In memory of the great scientist in 1954 was issued and a postage stamp. It was dedicated to the Pulkovo Observatory. It depicts a portrait of V. Ya. Struve and two other famous Russian astronomers. By the centenary of the death of Vasily Yakovlevich, in 1964, one more brand of the USSR was issued . His portrait is also present on analogues dedicated to the arc, named after the great astronomer. These brands were issued by Lithuania (2009), Latvia, Estonia and Sweden (2011). In addition, in 1964, the International Astronomical Union crater, located on the visible part of the moon, was given the name of V. Ya. Struve.

Catalogs

Struve, rightly considered the founder of an entire branch of astronomy, in 1827, as a result of viewing more than one hundred and twenty thousand celestial objects, published a catalog that included more than three thousand double and multiple stars. Most of them - 2343 luminaries - were discovered by the scientist himself. In 1837, his most famous work was published. In "Micrometric measurements of binary stars", results were given over eleven thousand calculations made by Vasily Struve for twelve years with the help of the Dorpat refractor. Both catalogs, published by the scientist, were awarded medals of the Royal Astronomical Society of London.
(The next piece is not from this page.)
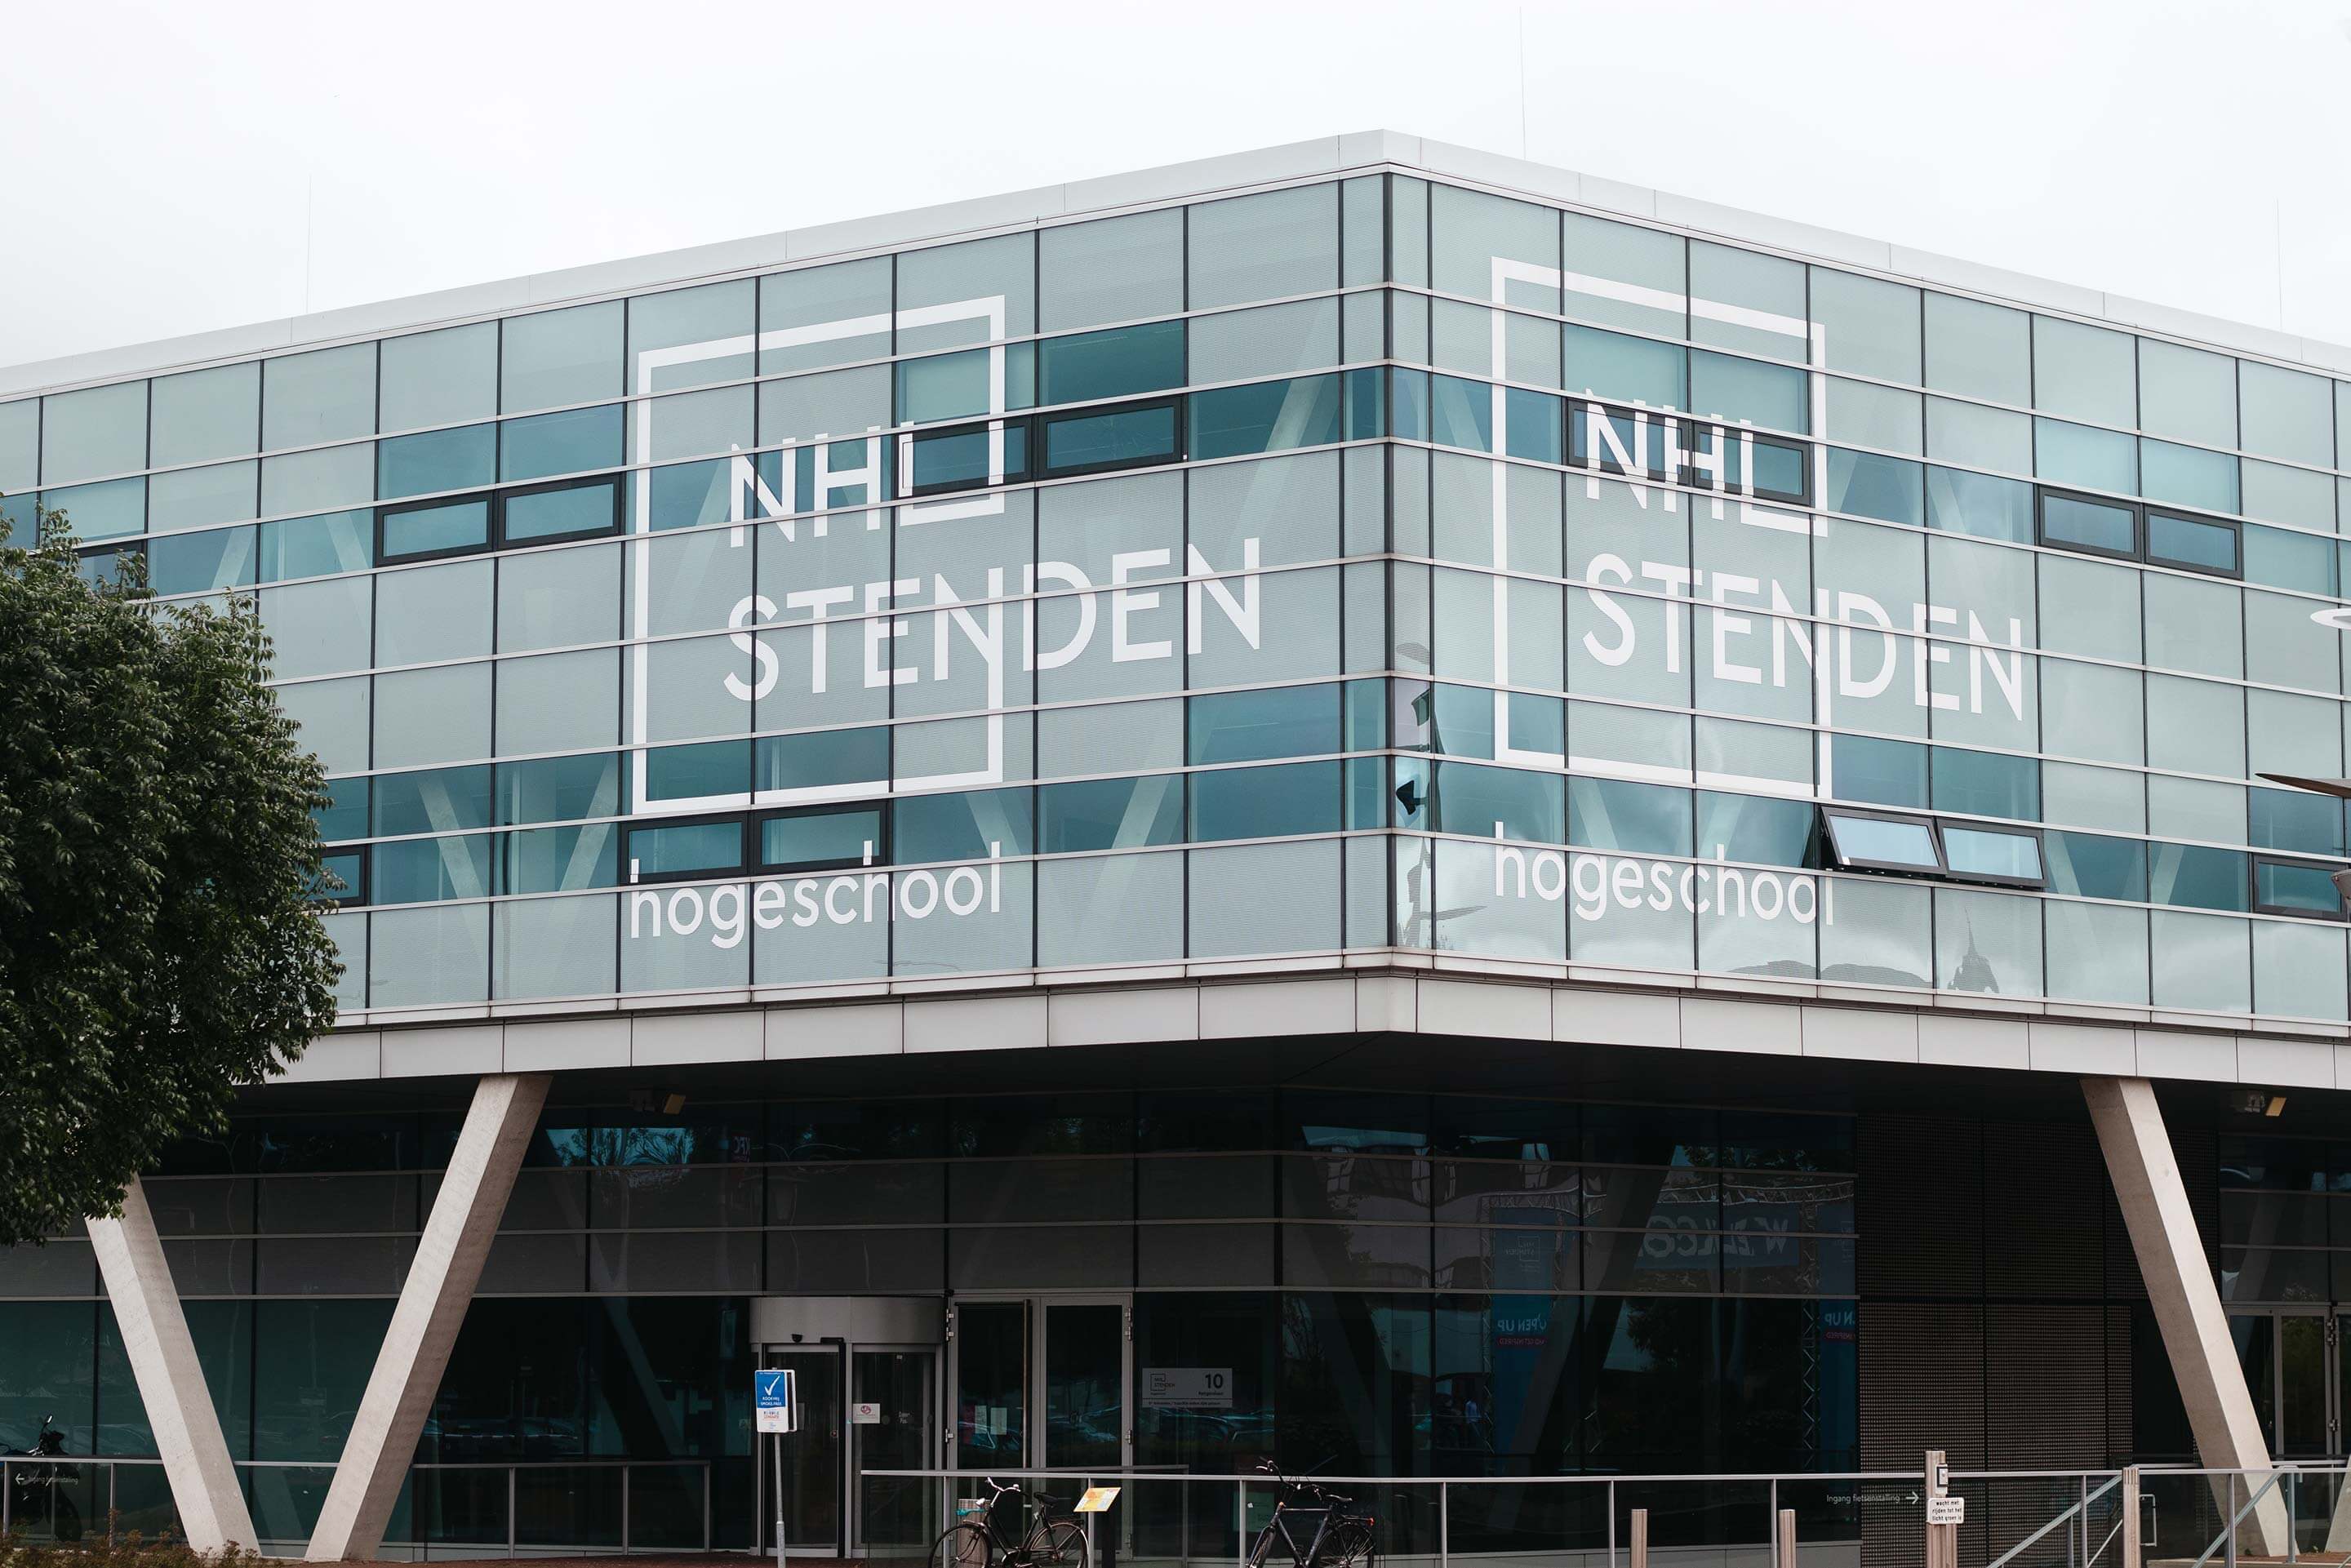 Glazen schoolgebouw NHL Stenden hogeschool Leeuwarden
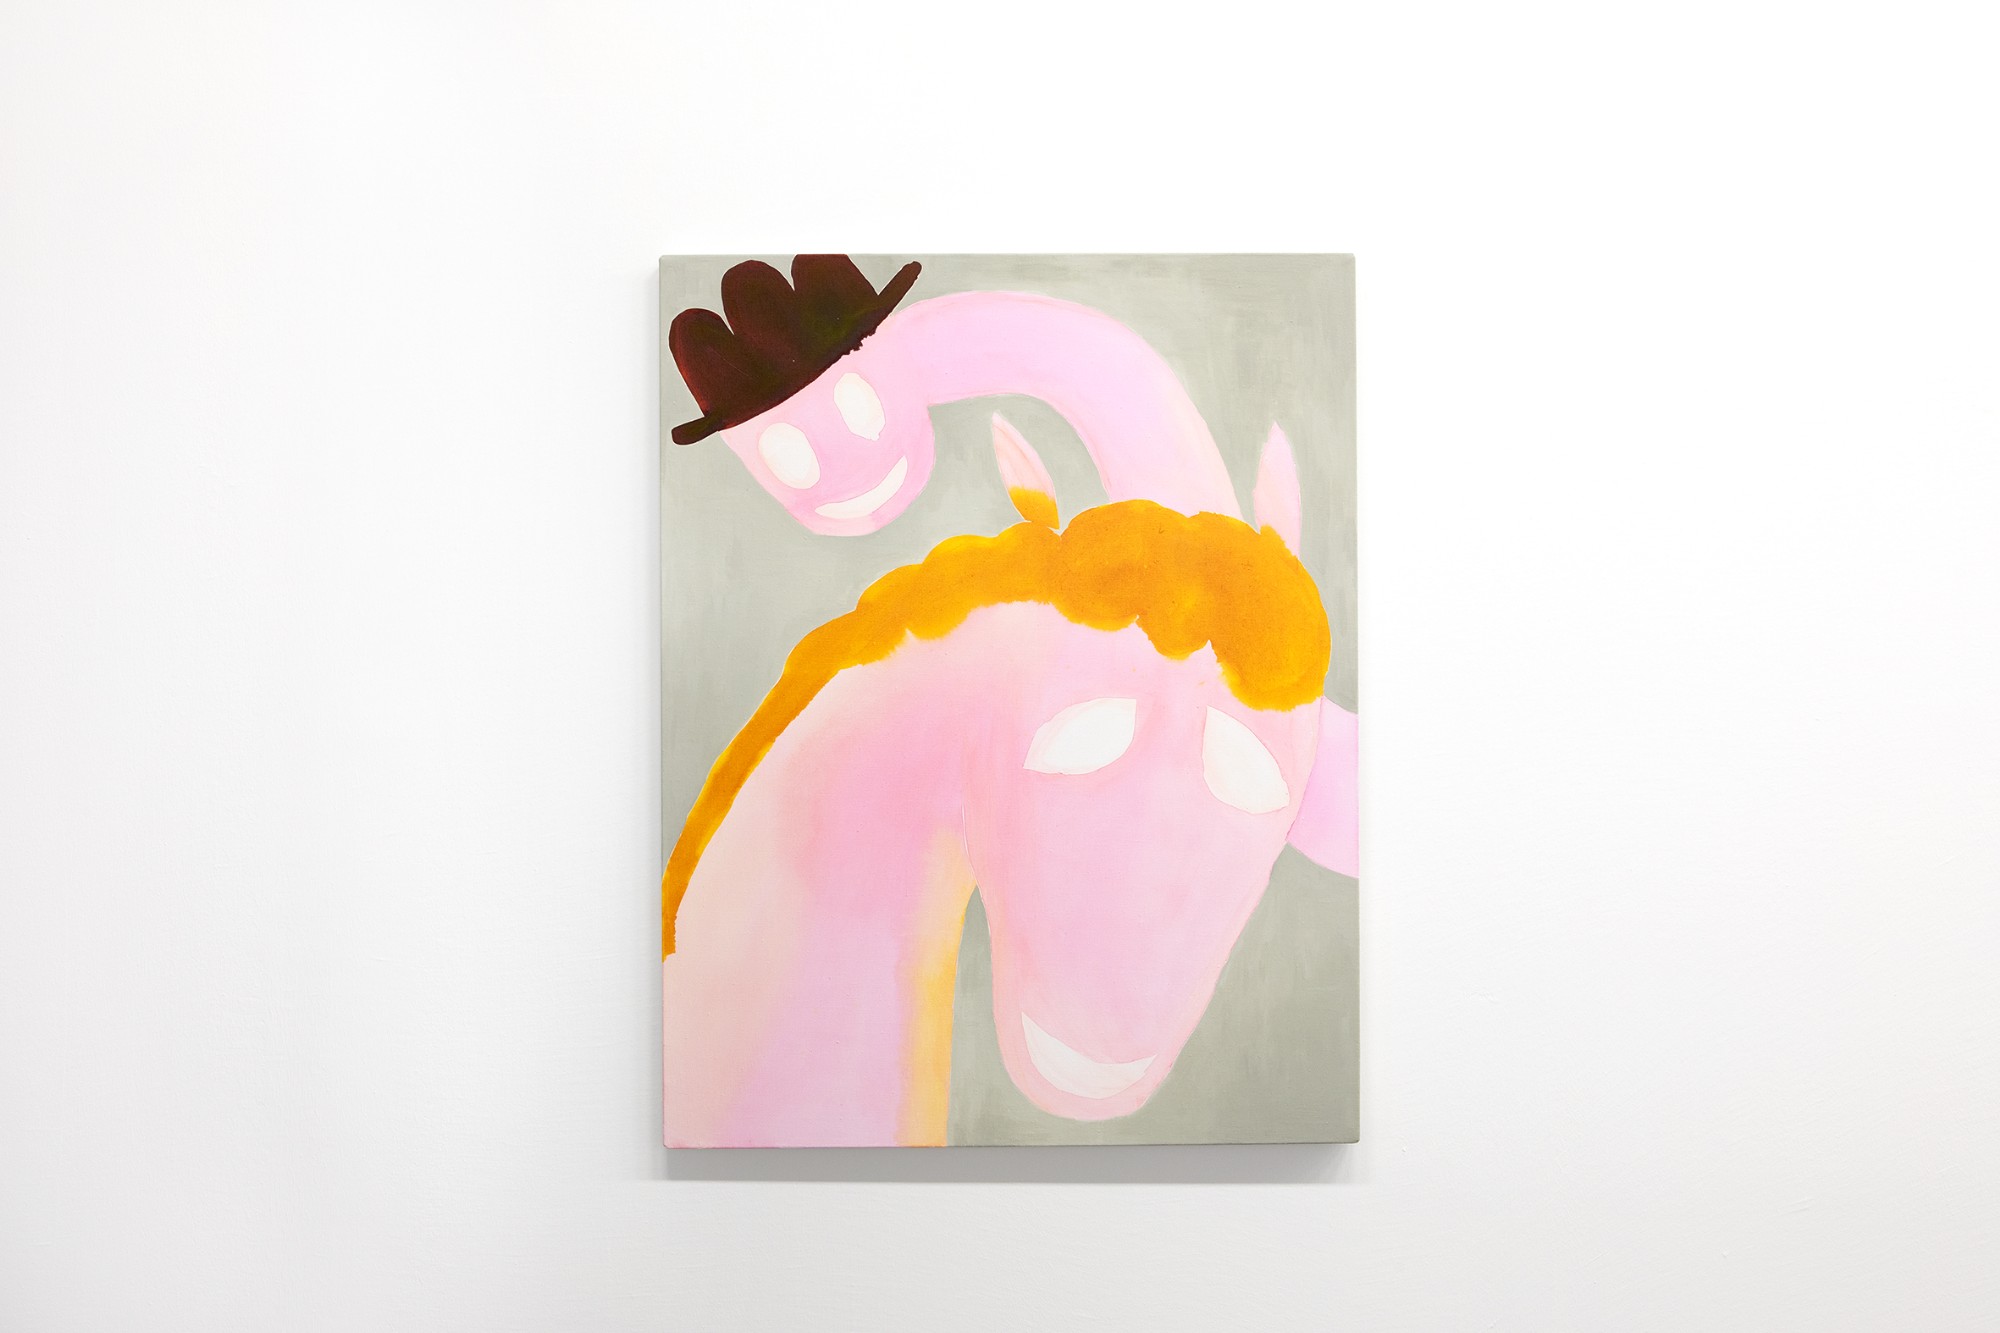 Sarah Bogner, Zwei graue Freunde, 2022, egg tempera, ink on canvas, 105 x 82 cm

In 1852, a work was published under the title "Midpoints", where the results of long-term observations of almost three thousand stars were cited. The work that was performed by Struve and his assistants at the Dorpat Observatory for almost twenty years was subsequently used more than once in stellar astronomy.

Achievements

Vasily Yakovlevich Struve, whose brief biography testifies to his enormous role in astronomy, also made a great contribution to the development of such a science as geodesy. From 1822 to 1827, under his leadership, a meridian arc was measured from the island of Hogland, located in the Gulf of Finland, to the city of Jakobstadt. In 1828, it was coupled with an analogue, calculated in the south-west of our country. Then these measurements continued from north to south. As a result, the length of the entire measured arc was brought to 25 ° 20 '. It was called Russian-Scandinavian. However, experts know it more like the Struve arc.

Ranks

Vasily Yakovlevich was an honorary member of almost all universities in our country, as well as many foreign scientific societies and academies of sciences. In the middle of the nineteenth century, Struve participated in the process of creating the Lisbon Observatory. It currently belongs to the city university, but observations are no longer conducted there. An observatory was created in the image and likeness of the Russian - Pulkovo, which was considered at that time an astronomical world capital. The main consultant in the choice of instruments was the famous Russian astronomer Struve.